Три неразделанных рыбьих тушки лежали в холодильнике с прошлой недели. Мика купила их па Сытном рынке: двух карпов и одного толстолобика. Толстолобик годился для жарки, а из карпов можно было соорудить воскресную уху. Хотя воскресенье и не рыбный день, но они с Васькой вполне могут пообедать. Настоящий семейный обед с переменой блюд. Первое и второе, вместо компота – лимонад «Байкал». Естественно, что за дрязгами и мелкими скандалами с Васькой Мика совершенно позабыла о карпах и толстолобике.
А сейчас вспомнила.
Сколько времени уйдет на разморозку? Нисколько.

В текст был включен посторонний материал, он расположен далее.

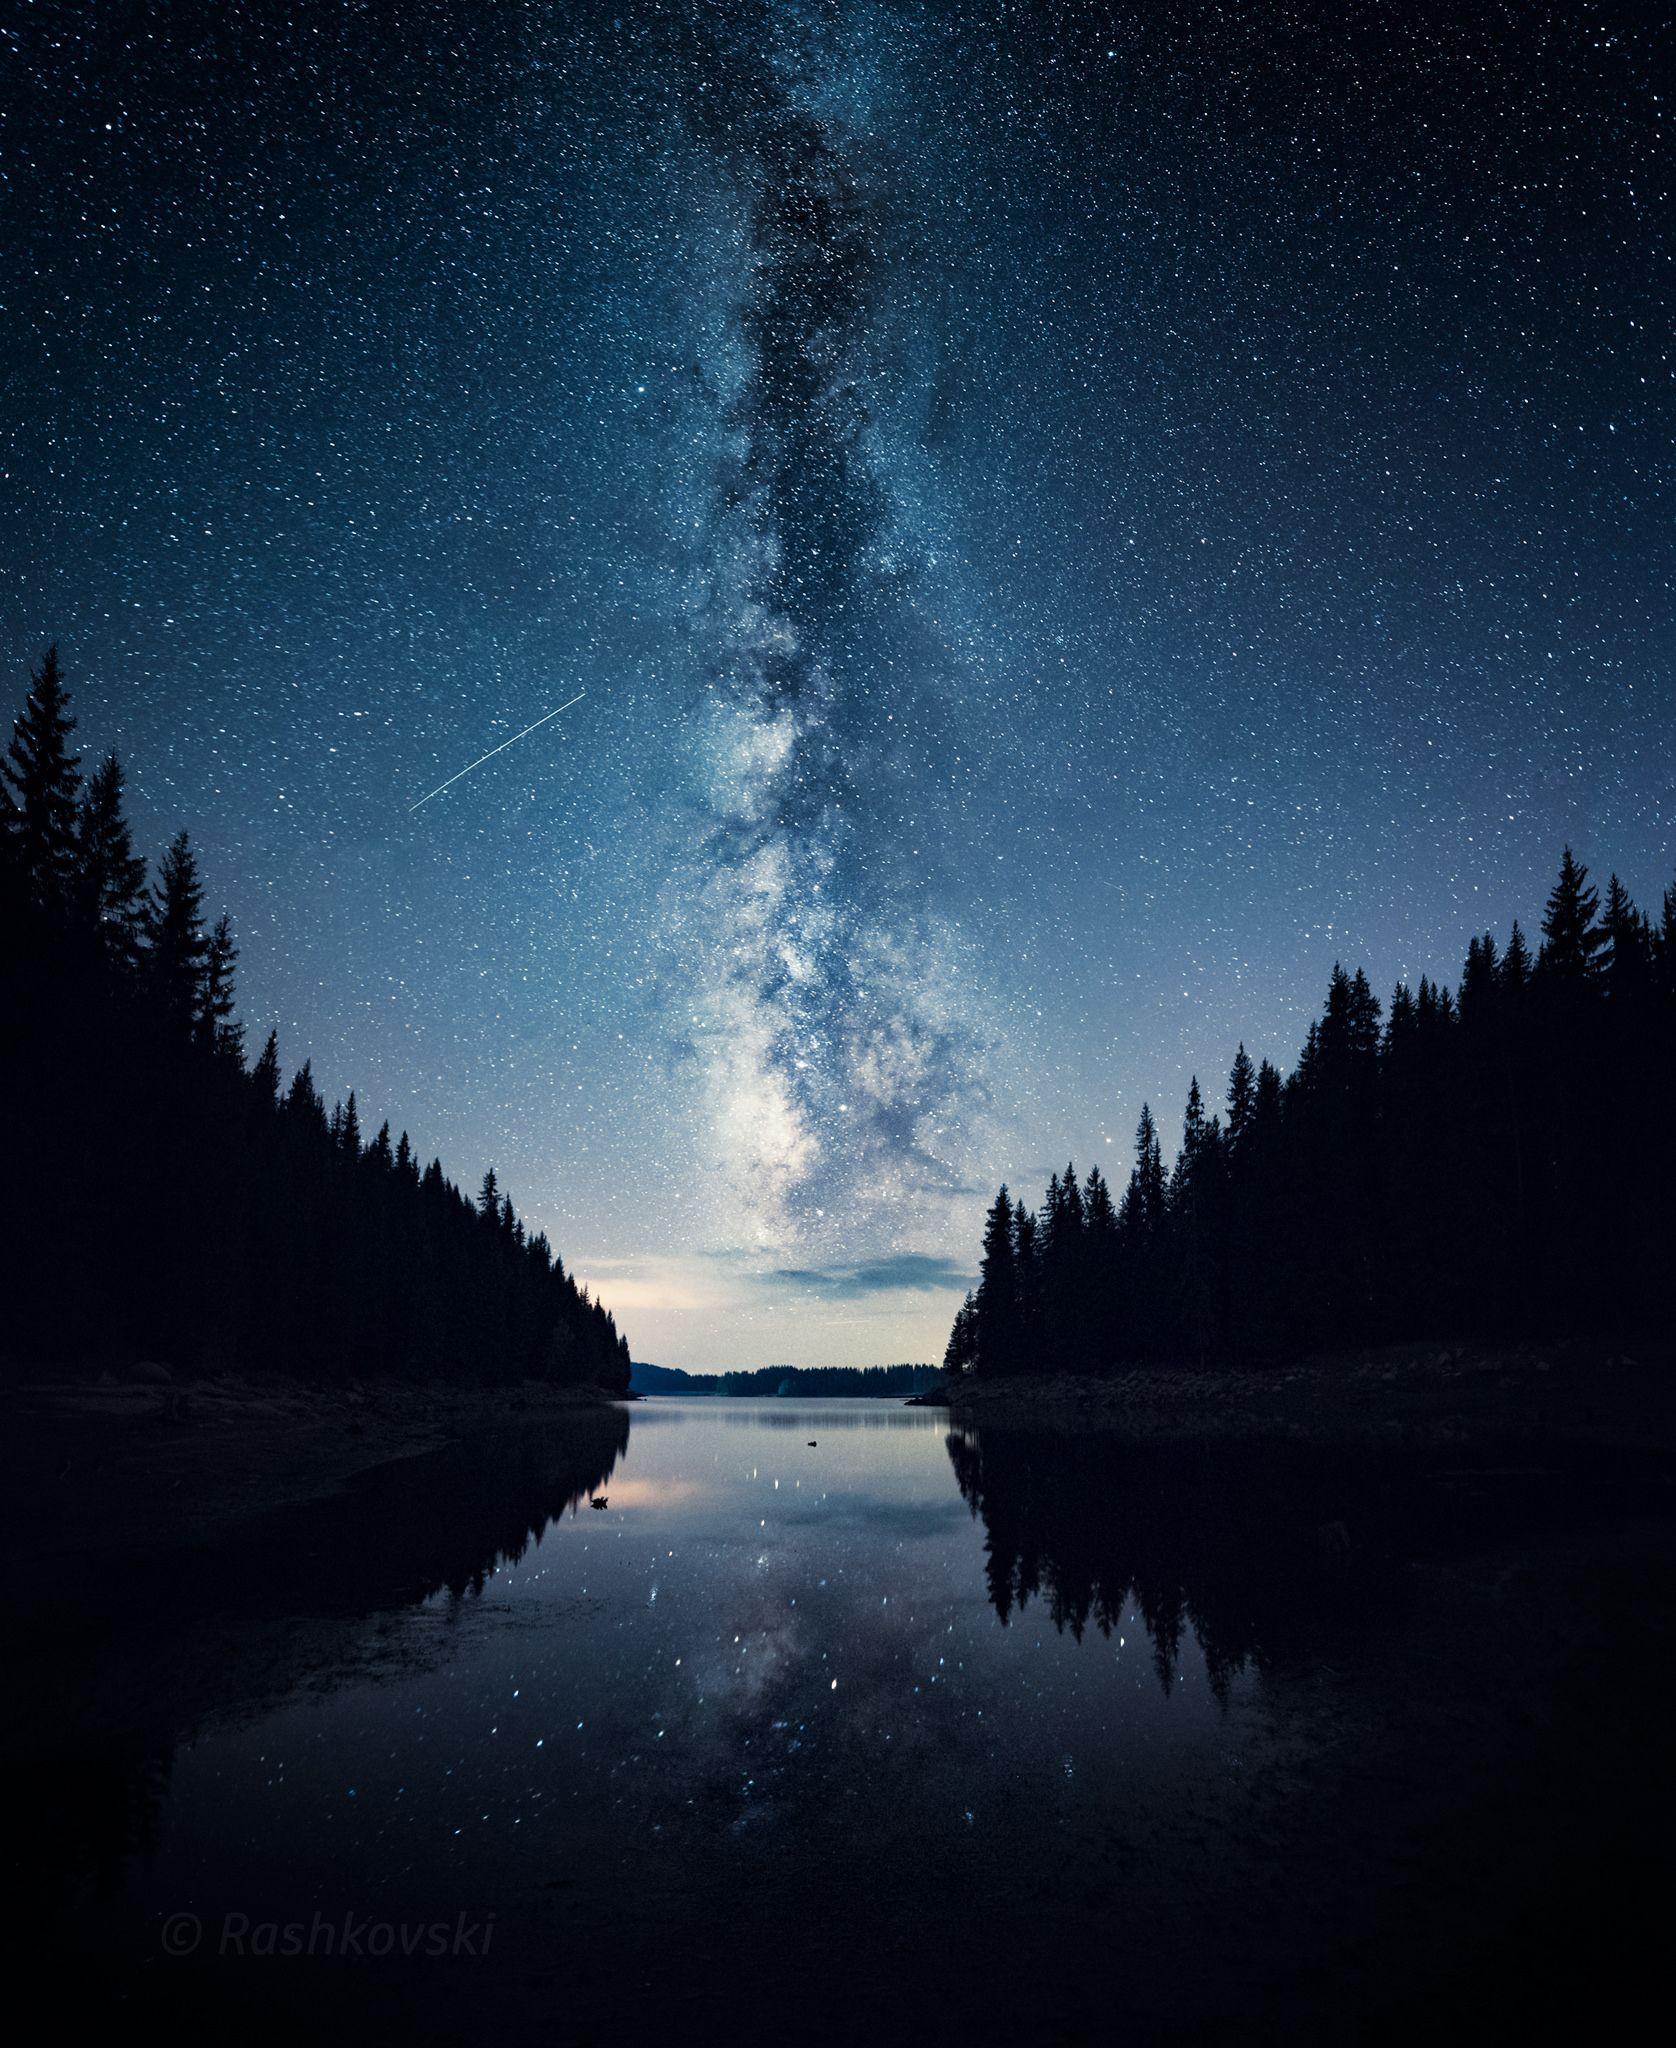 Milky Way And A Falling Star Over Shiroka Polyana Reservoir Rhodope Mountains Bulgaria Faceboo Night Sky Photography Night Sky Wallpaper Sky Photography

Мика поняла это, как только вытащила из морозильной камеры задубевшую, не слишком хорошо пахнущую массу и швырнула ее на доску. Или. – вернее – в водоворот по-прежнему мягкого и спокойного желтого света.
Когда именно с рыбой произошли столь разительные метаморфозы, Мика объяснить так и не смогла. Ни тогда, ни потом. Но факт оставался фактом: непрезентабельные карпы и толстолобик легли на белое с коричневыми прожилками дерево совершенно преображенными. Да и от толстолобика с карпами ничего не осталось. Это были совсем другие рыбы.